Ох, и натерпелась же она от нашей любви!.. Стараясь привлечь к себе внимание, ее беспрерывно дергали за косы, наступали на пятки, загораживали двери в класс и минутами торчали перед глазами в надежде, что она рассмотрит наконец и выделит кого-нибудь из обожателей, наводили на нее во время переменок сразу по пятнадцать солнечных зайчиков.
Так вот и продолжалось это до тех пор, пока меня не подстерегла.
Снова первая любовь
До этого я сам распоряжался, в кого мне влюбиться, когда и насколько. Я мог даже устраивать себе временные передышки. Так, уходя на летние каникулы, я отпускал на каникулы и любовь – лето и без того было прекрасно.
А тут… Вдруг появилась на нашей улице новенькая девочка.
Соседка Валька Крикалина нас познакомила.
День был осенний, золотой, и волосы у девчонки были золотые, и глаза золотые, и улыбнулась она так, что я чуть не закукарекал от восторга.
Словом, это была классическая любовь с первого взгляда – как в романе.
Правда, сам я не сразу оценил ни всей драгоценности подарка судьбы, ни всей тяжести обрушившегося на меня несчастья.
Целую зиму я писал прутиком на свежих сугробах: «Коля + Оля = Любовь», наивно полагая, что любовь укладывается в это несложное арифметическое действие. То, что она – даже идеальная и взаимная – соединяет в себе сложение с вычитанием, мне предстояло узнать еще не скоро.
Наступило лето, и я решил отправить любовь на каникулы. Тем более что брат отца дядя Паша взял меня на покос – копновозом. Я спал в шалаше на свежем сене, рыбачил, ел печеную картошку, вечером мог сколько угодно сидеть у костра и слушать разговоры взрослых. А главное – у меня была своя, персональная лошадь, под настоящим седлом!.. О чем, казалось бы, еще мечтать?
Но тут-то и началось.
Я отпустил любовь на каникулы, но она не отпустила меня.
По ночам мне стала являться моя краля. Она приходила и стояла передо мной, кокетливо наклонив головку.
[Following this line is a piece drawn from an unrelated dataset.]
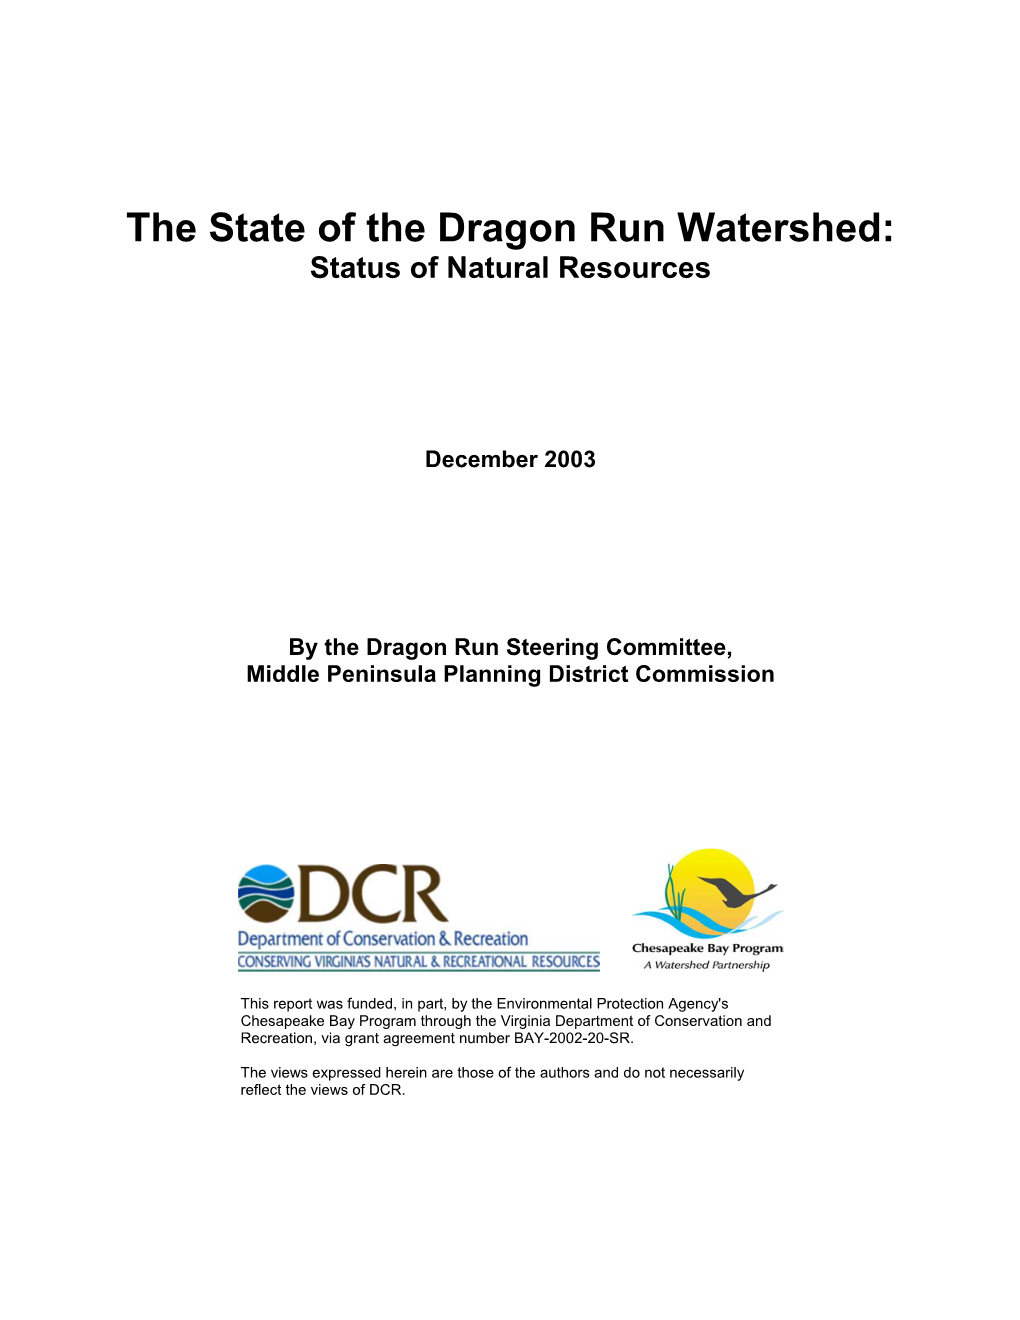 The State of the Dragon Run Watershed: Status of Natural Resources

Она смеялась зелеными своими глазами, уронив на одну бровь соломенную прядку.
Для чего она делала это, спросить следовало бы у нее или у того, кто решает за нас, – в кого нам следует влюбляться, а кем пренебречь. Во всяком случае, сама-то она спала вполне безмятежно, – поскольку не испытывала ко мне встречных чувств, – а образ ее в это время блуждал в тридцати километрах от города и отравлял мне каникулы.
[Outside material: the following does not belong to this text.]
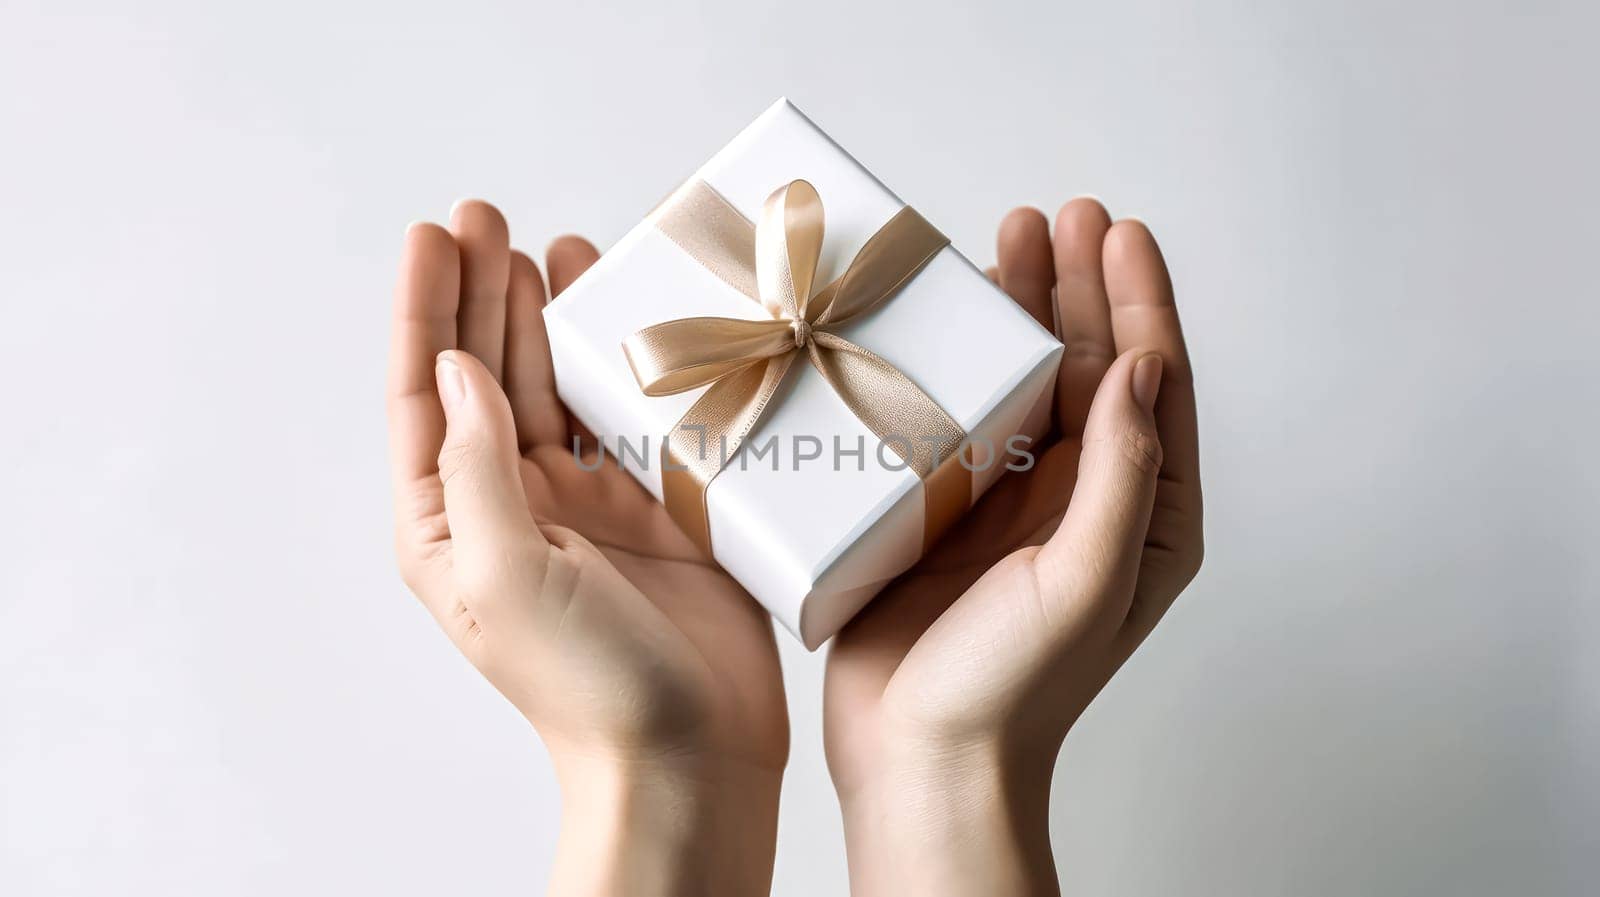 Express love with a tender touch as a girl holds a cute gift box in her hands on a light background, creating a heartfelt Valentines Day concept.

Вообще, не повезло мне крепко: я ухитрился влюбиться в самую красивую девочку в школе. В этом вопросе, как известно, порядка не существует. Природа сначала создаст переизбыток всевозможных девчонок: конопатых, длинноногих, курносых, редкозубых, большеротых – а потом возьмет да и подарит всю любовь двум-трем эфирным созданиям: глазки-коляски, локоны, губки бантиком и прочее. Мне бы, например, по идее, надо было полюбить Вальку Крикалину – внучку глухого Максима Аксеновича. Кроме того, что Валька тоже была вполне симпатичной девчонкой, ее преданность мне не знала границ. Помню, однажды я вышел из дома, держа в одной руке рогатку, заряженную свинцовым шариком, а в другой – начатую морковку. Валька как раз поднималась от колодца, несла на коромысле два ведра воды. Меня она не видела. Я решил привлечь к себе внимание оригинальным способом: быстренько догрызть морковку и «попкой» ее выстрелить в Вальку. Правда, огрызок мог оказаться легковатым, но огороды наши расположены были рядом – и если посильнее натянуть рогатку…
Короче, я так и сделал.
Валька уронила ведра, зажала руками бок и с диким воплем понеслась домой.
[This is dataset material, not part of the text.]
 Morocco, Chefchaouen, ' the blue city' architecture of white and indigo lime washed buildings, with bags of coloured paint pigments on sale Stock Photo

Я не сразу сообразил, что произошло. Только когда увидел валявшийся возле ног морковный огрызок, понял, холодея от страха: ведь я же выстрелил по Вальке свинчаткой!.. А огрызок этот проклятый машинально бросил на землю.
Валька никому не пожаловалась – иначе за такой разбой с меня бы спустили три шкуры. Бабки её дома не было, а Максим Аксенович не услышал Валькиного визга, так что ей легко удалось скрыть мое преступление. Через несколько дней мне же, единственному, Валька показала затянувшуюся ранку, виновато приподняв майку.
Да, никто не любил меня так, как Валька!..
А я между тем выполнял предначертания природы, которая, вдобавок, оказалась ко мне почему-то безжалостнее, чем к моим приятелям. Другие эфирные создания, подрастая, превращались либо в дылд, либо в толстух, и тогда их поклонники получали возможность передохнуть – до следующего увлечения. Моя же избранница из самой красивой девочки превратилась в самую красивую и поэтичную девушку, не поглупела, не потолстела, и когда мы, уже старшеклассники, оказывались вместе на пляже или в спортзале, – я всякий раз убеждался, что сложена она не просто хорошо, но идеально, возвышенно, аристократично.
Однако я забегаю вперед.
В седьмом классе началась у нас эпидемия ухажерства. Девчонок разбирали нарасхват. Не случалось дня, чтобы какая-то из них не получала записку: Зойка или Светка, давай дружить.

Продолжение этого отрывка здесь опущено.